We will calculate only the first forecast (h=1) for look at the confidence intervals. We will use the optimal SES method.
pbSESOpt <- ses(pb, initial="optimal", h=1)
summary(pbSESOpt)
##
## Forecast method: Simple exponential smoothing
##
## Model Information:
## Simple exponential smoothing
##
## Call:
## ses(y = pb, h = 1, initial = "optimal")
##
## Smoothing parameters:
## alpha = 0.1685
##
## Initial states:
## l = 170.8257
##
## sigma: 33.6377
##
## AIC AICc BIC
## 318.9747 319.8978 323.1783
##
## Error measures:
## ME RMSE MAE MPE MAPE MASE
## Training set 7.176212 33.63769 27.8431 0.4737524 15.57782 0.7021303
## ACF1
## Training set -0.2117579
##
## Forecasts:
## Point Forecast Lo 80 Hi 80 Lo 95 Hi 95
## 31 207.1098 164.0013 250.2182 141.1811 273.0384
pbHolt <- holt(pb, initial="simple", h=1)
summary(pbHolt)
##
## Forecast method: Holt's method
##
## Model Information:
## Holt's method
##
## Call:
## holt(y = pb, h = 1, initial = "simple")
##
## Smoothing parameters:
## alpha = 0.2984
## beta = 0.4984
##
## Initial states:
## l = 199
## b = -27
##
## sigma: 39.5463
## Error measures:
## ME RMSE MAE MPE MAPE MASE
## Training set 7.769844 39.54634 33.5377 1.633306 18.19621 0.8457332
## ACF1
## Training set -0.1088681
##
## Forecasts:
## Point Forecast Lo 80 Hi 80 Lo 95 Hi 95
## 31 222.0201 171.3394 272.7007 144.5107 299.5295
For SES, the range is 141 to 273 compared to the holt method of 144 to 299.

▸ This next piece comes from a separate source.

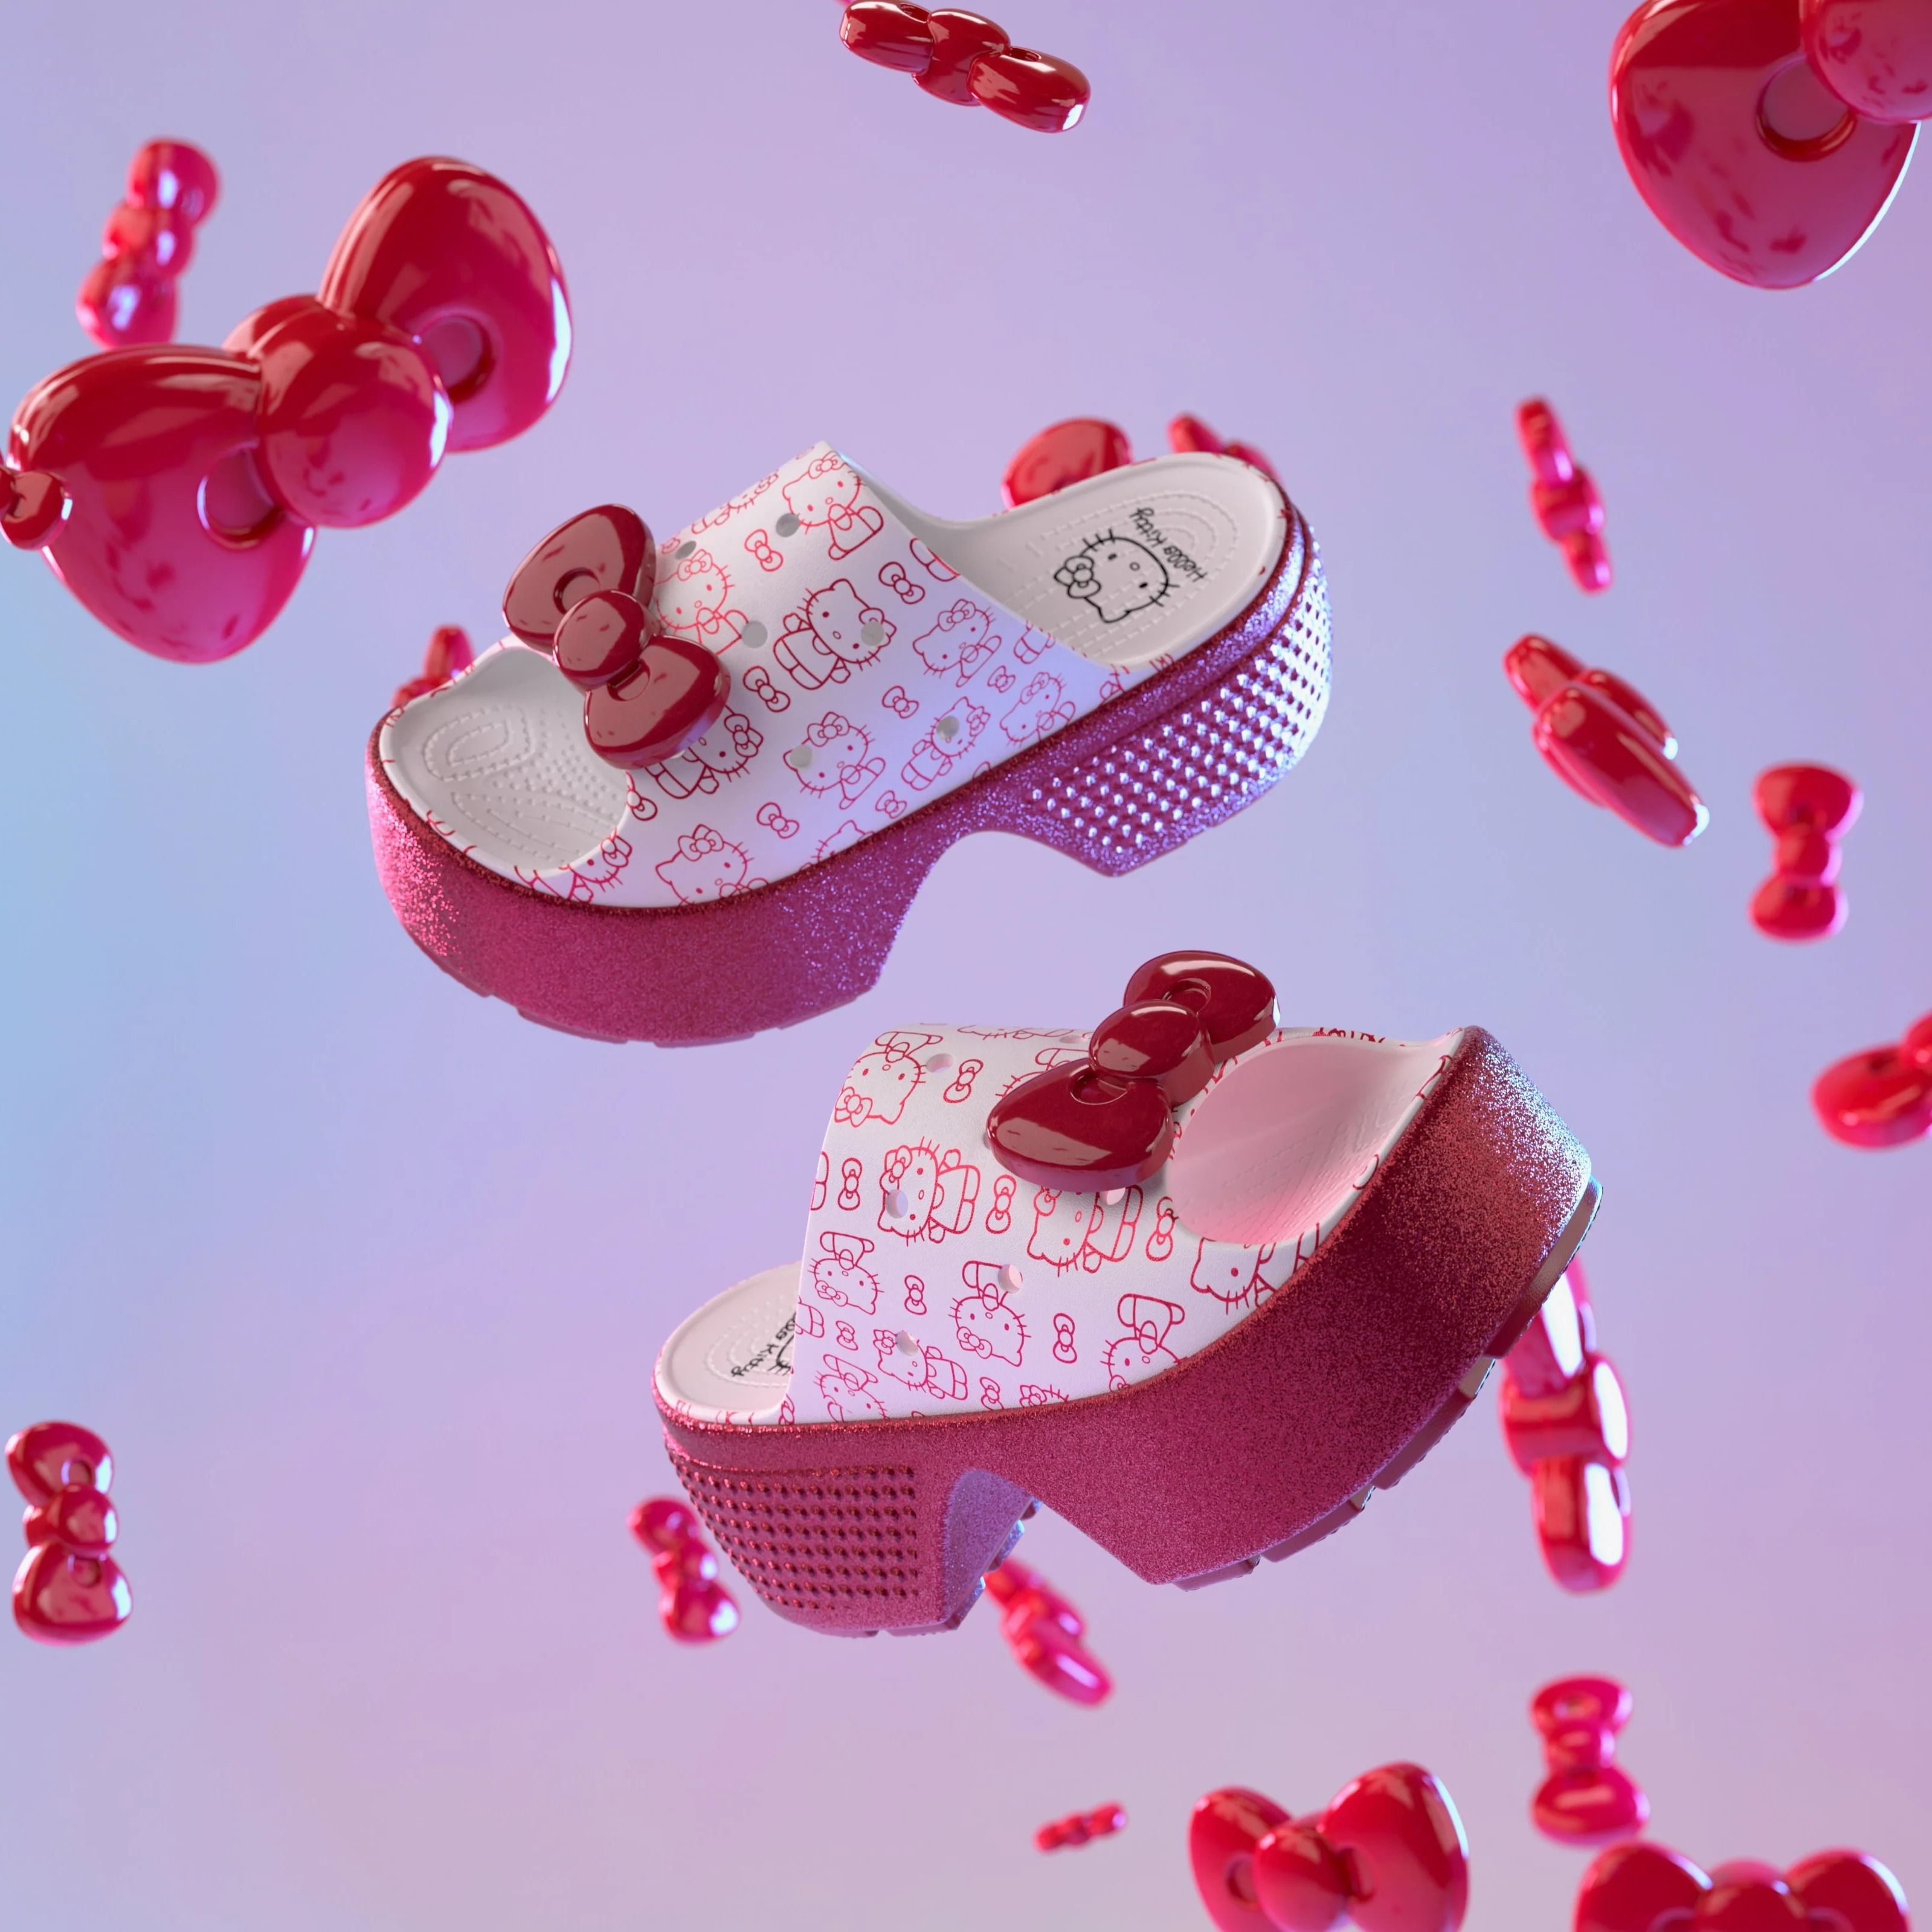 Sanrio's Hello Kitty Releases Special Anniversary Crocs for Kids and Adults

hcSESOpt <- ses(hc, initial="optimal", h=1)
summary(hcSESOpt)
##
## Forecast method: Simple exponential smoothing
##
## Model Information:
## Simple exponential smoothing
##
## Call:
## ses(y = hc, h = 1, initial = "optimal")
##
## Smoothing parameters:
## alpha = 0.3283
##
## Initial states:
## l = 149.2836
##
## sigma: 31.931
##
## AIC AICc BIC
## 315.8506 316.7737 320.0542
##
## Error measures:
## ME RMSE MAE MPE MAPE MASE
## Training set 9.166918 31.93101 26.7731 2.636328 13.39479 0.7987858
## ACF1
## Training set -0.1417817
##
## Forecasts:
## Point Forecast Lo 80 Hi 80 Lo 95 Hi 95
## 31 239.5602 198.639 280.4815 176.9766 302.1439
hcHolt <- holt(hc, initial="simple", h=1)
summary(hcHolt)
##
## Forecast method: Holt's method
##
## Model Information:
## Holt's method
##
## Call:
## holt(y = hc, h = 1, initial = "simple")
##
## Smoothing parameters:
## alpha = 0.439
## beta = 0.1574
##
## Initial states:
## l = 139
## b = -11
##
## sigma: 35.0438
## Error measures:
## ME RMSE MAE MPE MAPE MASE
## Training set 7.193267 35.04383 27.99174 2.423793 14.18241 0.8351445
## ACF1
## Training set -0.07743714
##
## Forecasts:
## Point Forecast Lo 80 Hi 80 Lo 95 Hi 95
## 31 250.7889 205.8784 295.6993 182.1042 319.4735
Here we see the SES method gives a range of 176 to 302 for hardcovers and the holts method 182 to 319.